Peloton is looking to transform our enterprise tech strategy with AI adoption. We are looking for a Staff Enterprise AI Engineer to serve as the "Founding Engineer" of our Enterprise AI Platform.This is not a traditional Data Science role. You will not spend your days tweaking hyperparameters. Instead, you will architect and build the Operating System that enables our Product, People, and Operations teams to deploy AI Agents safely and at scale. You will act as a "Player/Coach," laying the technical foundation (Infrastructure, Security, Orchestration) while guiding a team of engineers to execute the vision. You will build the "Golden Path" that helps everyone at Peloton to leverage AI securely for the competitive advantage of Peloton.

Requirements

  • Experience: 10+ years of software engineering experience, with 3+ years specifically focused on MLOps, LLM Orchestration, or Large Scale Distributed Systems.
  • The Stack: Deep fluency in Python (production grade) and Go (preferred for platform services).
  • AI Engineering: Proven experience deploying RAG (Retrieval Augmented Generation) and Agentic Workflows in production. Experience with frameworks like LangChain, Semantic Kernel, or similar.
  • Platform Engineering: Strong background in Kubernetes (EKS), Docker, and Infrastructure-as-Code (Terraform).
  • Security: Solid understanding of OAuth 2.0 (OBO flow), RBAC, and zero-trust networking principles.
  • Communication: Ability to explain complex technical trade-offs (e.g., "Latency vs. Accuracy") to executive stakeholders.

Nice To Haves

  • Experience implementing Model Context Protocol (MCP) or similar standardized tool interfaces.
  • Background in FinOps (managing GPU/Cloud spend).
  • Experience navigating highly regulated environments (HIPAA, SOX, etc.).

Responsibilities

  • Architect the "Intelligence & Integration" Layers
  • Design and build a scalable Agentic Orchestration Platform (using LangChain, LangGraph, or custom frameworks) that allows internal developers to spin up autonomous agents.
  • Implement the "Integration Layer" ensuring all AI agents connect to internal APIs (Workday, Snowflake, SAP) via secure, standardized protocols (Model Context Protocol - MCP).
  • Solve the "State Problem" for AI, architecting memory stores (Vector DBs like Pinecone/Weaviate) that persist context across user sessions.
  • Enforce "Security by Design"
  • Partner with Security leadership to implement Identity Propagation. Ensure agents execute tasks using the user’s specific OAuth scopes, preventing privilege escalation.
  • Build "Data Clean Rooms" and PII masking pipelines to ensure sensitive member or employee data is never leaked to model providers.
  • Deploy EvalOps pipelines to automatically test models for hallucination and regression before they hit production
  • Define the Engineering Standards
  • Define the "Guide vs.
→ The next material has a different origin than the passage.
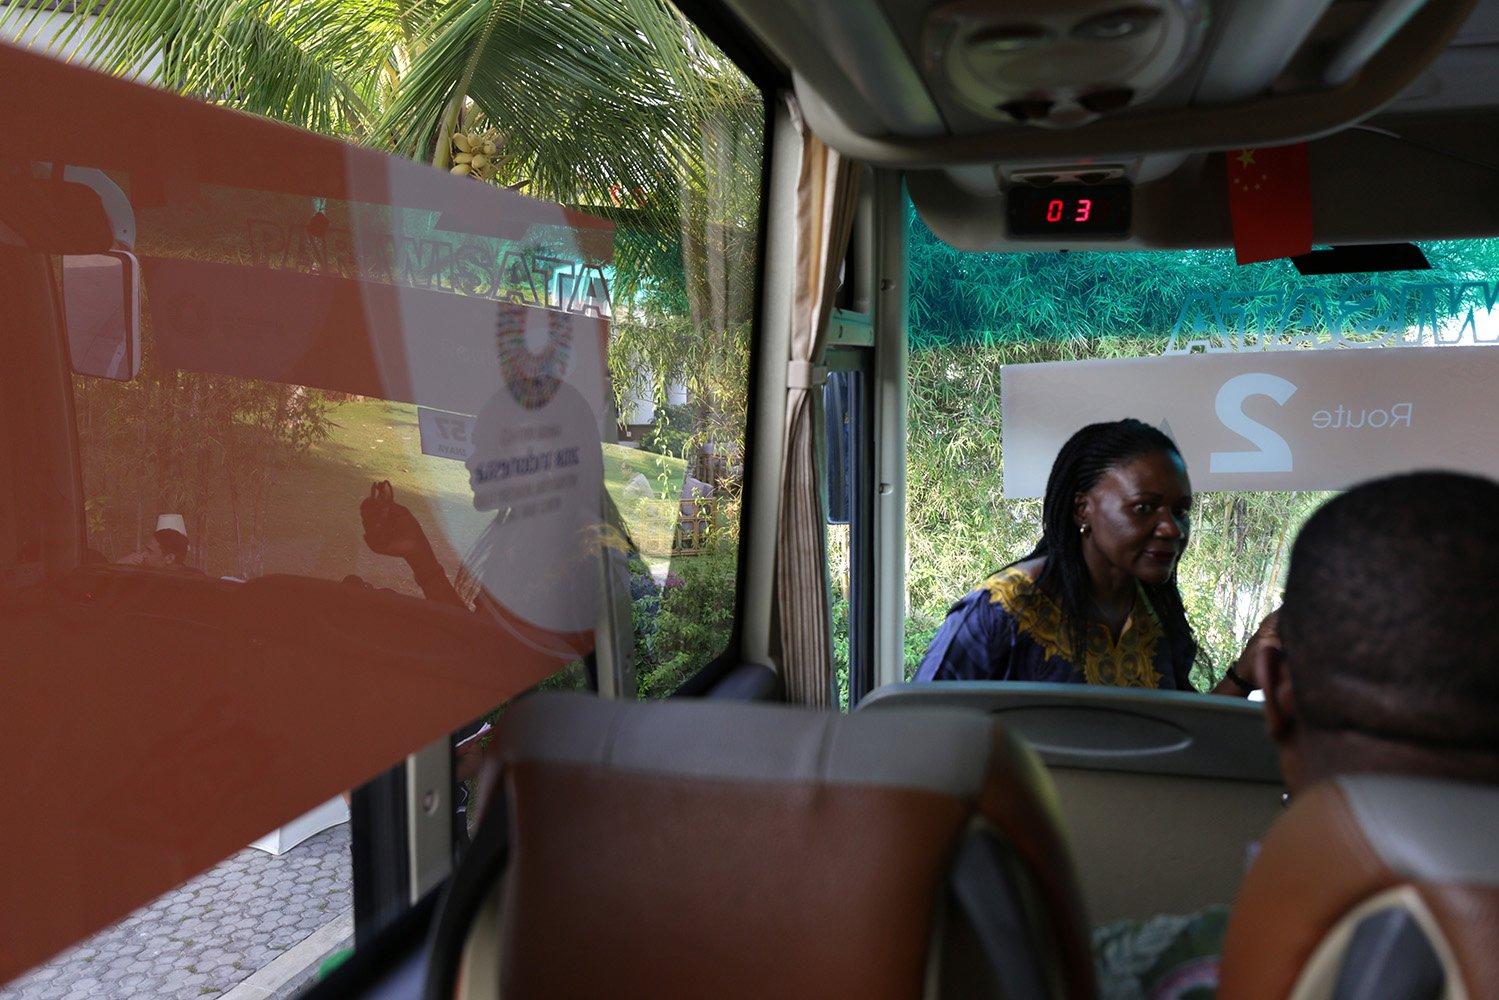 Partisipan delegasi AM IMF-WB 2018 memasuki shuttle bus di kawasan Nusa Dua, Bali (14/10). Shuttle bus efektif beroperasi seluruhnya sebagai salah satu moda transportasi selama dikawasan Annual Meeting pada Senin 8 Oktober 2018 dengan berbagai rute.

Control" standards for the organization. Create the templates and libraries that allow analysts to "Vibe Code" (low-code/assisted coding) safely within our guardrails.
  • Perform rigorous code reviews for partner teams and vendors, ensuring high performance, low latency (<200ms), and cost efficiency
  • Capital-Efficient Scale
  • Optimization of inference costs by implementing Semantic Caching and routing logic (e.g., routing simple queries to smaller/cheaper models).
  • Leverage Kubernetes (EKS) to manage ephemeral compute resources for AI workloads.
  • A Systems Builder: You view AI as a distributed systems problem. You care about latency, rate limiting, and eventual consistency just as much as you care about prompt engineering.
  • A Pragmatist: You don't build "Science Projects." You build tools that solve specific business frictions (e.g., automating Content PR approvals or speeding up Supply Chain queries).
  • A Force Multiplier: You enjoy mentoring senior engineers and demystifying AI for non-technical stakeholders (from HR to Product).

Benefits

  • Medical, dental and vision insurance
  • Generous paid time off policy
  • Short-term and long-term disability
  • Access to mental health services
  • 401k, tuition reimbursement and student loan paydown plans
  • Employee Stock Purchase Plan
  • Fertility and adoption support and up to 18 weeks of paid parental leave
  • Child care and family care discounts
  • Free access to Peloton Digital App and apparel and product discounts
  • Commuter benefits and Citi Bike Discount
  • Pet insurance and so much more!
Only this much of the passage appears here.